Re: pg_stat_statements: calls under-estimation propagation

From: Peter Geoghegan <peter(at)2ndquadrant(dot)com>
To: Daniel Farina <drfarina(at)acm(dot)org>
Cc: pgsql-hackers <pgsql-hackers(at)postgresql(dot)org>
Subject: Re: pg_stat_statements: calls under-estimation propagation
Date: 2012-12-28 17:58:53
Message-ID: CAEYLb_Uic+mfDHokX0UWKSSx-5WcFzNjU5ngBJ-MAHOambL9Qw@mail.gmail.com
Views: Raw Message | Whole Thread | Download mbox | Resend email
Thread:
Lists: pgsql-hackers

On 28 December 2012 11:43, Daniel Farina <drfarina(at)acm(dot)org> wrote:
> Without further ado, the cover letter taken from the top of the patch:
>
> This tries to establish a maximum under-estimate of the number of
> calls for a given pg_stat_statements entry. That means the number of
> calls to the canonical form of the query is between 'calls' and 'calls
> + calls_underest'.

Cool.

One possible issue I see with this is that this code:

+
+ /* propagate calls under-estimation bound */
+ entry->counters.calls_underest = pgss->calls_max_underest;
+

which appears within entry_alloc(). So if the first execution of the
query results in an error during planning or (much more likely)
execution, as in the event of an integrity constraint violation,
you're going to get a dead sticky entry that no one will ever see.
Now, we currently decay sticky entries much more aggressively, so the
mere fact that we waste an entry isn't a real problem. This was
established by this commit:

http://git.postgresql.org/gitweb/?p=postgresql.git;a=commit;h=d5375491f8e391224b48e4bb449995a4642183ea

However, with this approach, calls_underest values might appear to the
user in what might be considered an astonishing order. Now, I'm not
suggesting that that's a real problem - just that they may not be the
semantics we want, particularly as we can reasonably defer assigning a
calls_underest until a sticky entry is "unstuck", and an entry becomes
user-visible, within pgss_store().

Also, it seems like you should initialise pgss->calls_max_underest,
within pgss_shmem_startup(). You should probably serialise the value
to disk, and initialise it to 0 if there is no such value to begin
with.

I wonder if the way that pg_stat_statements throws its hands up when
it comes to crash safety (i.e. the contents of the hash table are
completely lost) could be a concern here. In other words, a program
tasked with tracking execution costs over time and graphing
time-series data from snapshots has to take responsibility for
ensuring that there hasn't been a crash (or, indeed, a reset).

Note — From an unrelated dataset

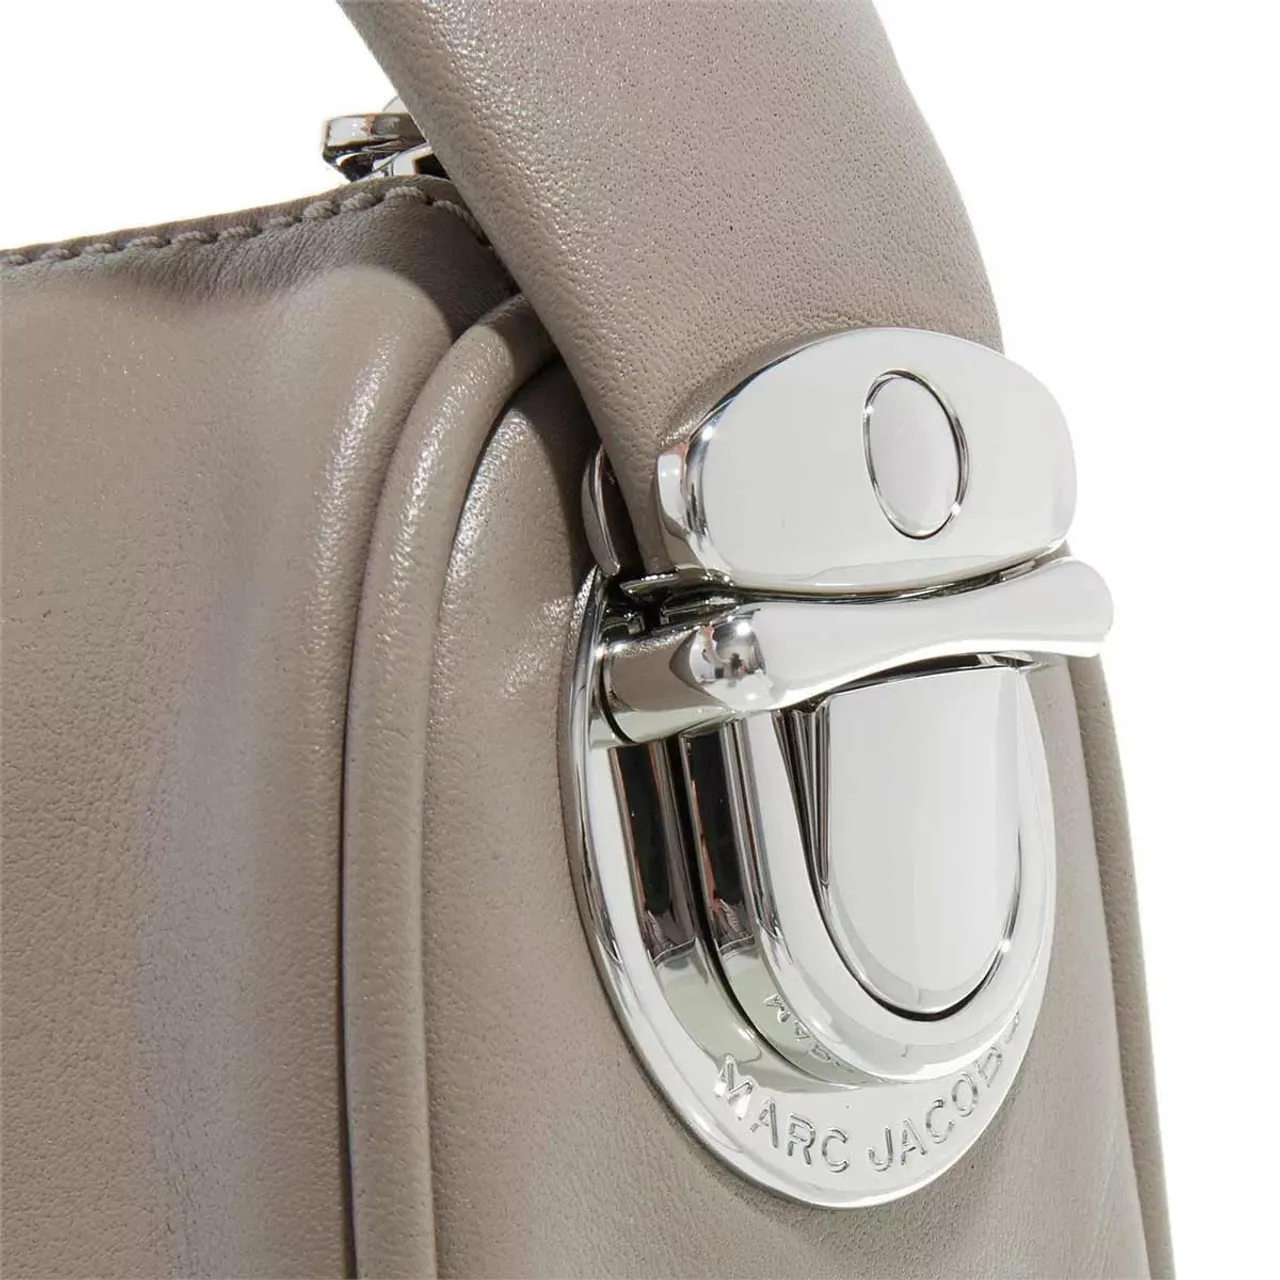 Marc Jacobs Hobo Bags - The Pushlock Mini Hobo Bag - beige - Hobo Bags for ladies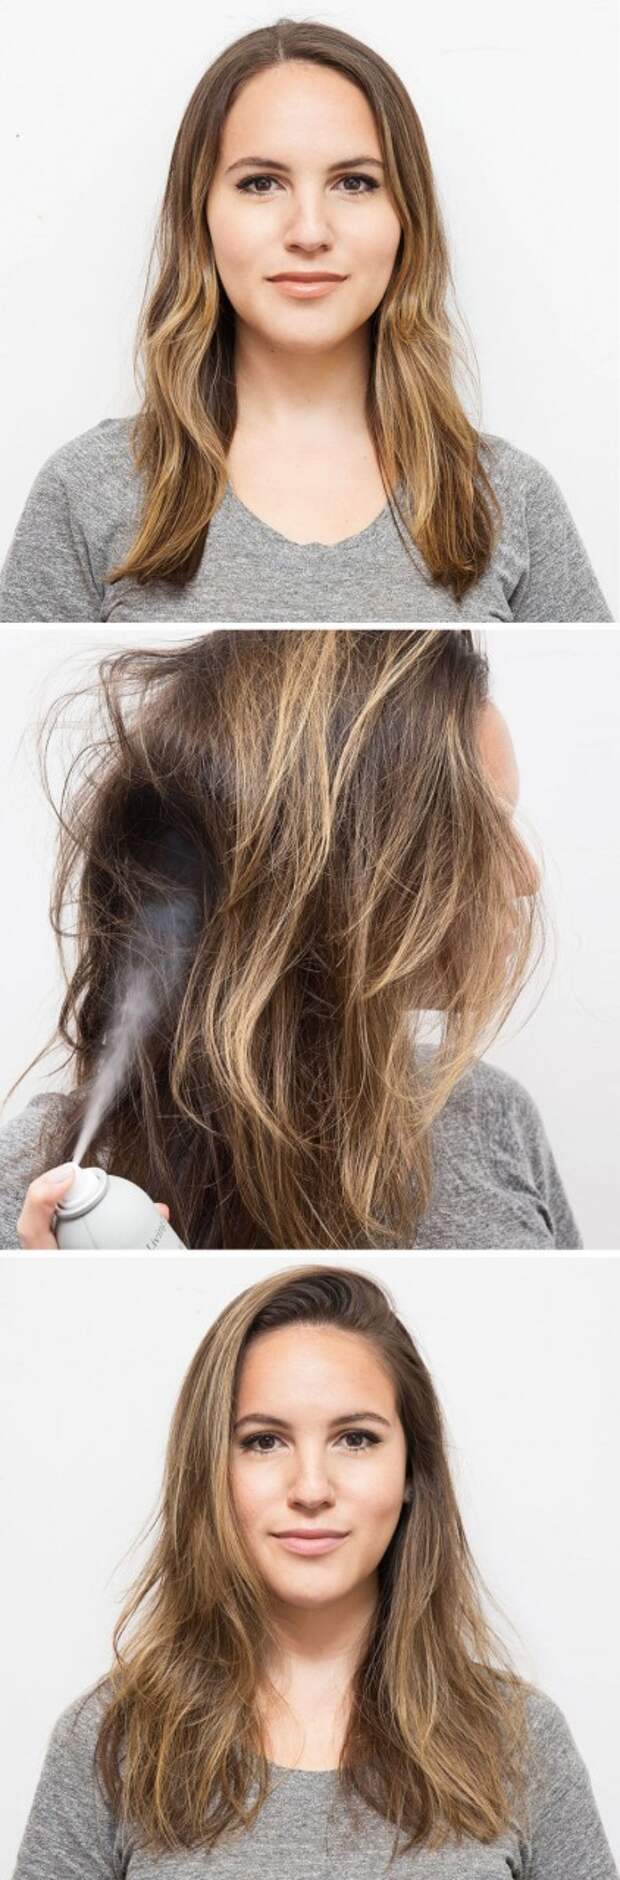 17 лайфхаков, которые помогут сделать ваши волосы более густыми и объемными

Another issue is that I don't think that what you've done here solves
the problem of uniquely identify each entry over time, in the same way
that simply exposing the hash value would. I'm concerned with the
related problem to the problem solved here - simply identifying the
entry uniquely. As we've already discussed, the query string is an
imperfect proxy for each entry, even with constants swapped with '?'
characters (and even when combined with the userid and dbid values -
it's still not the same as the hashtable key, in a way that is likely
to bother people that use pg_stat_statements for long enough).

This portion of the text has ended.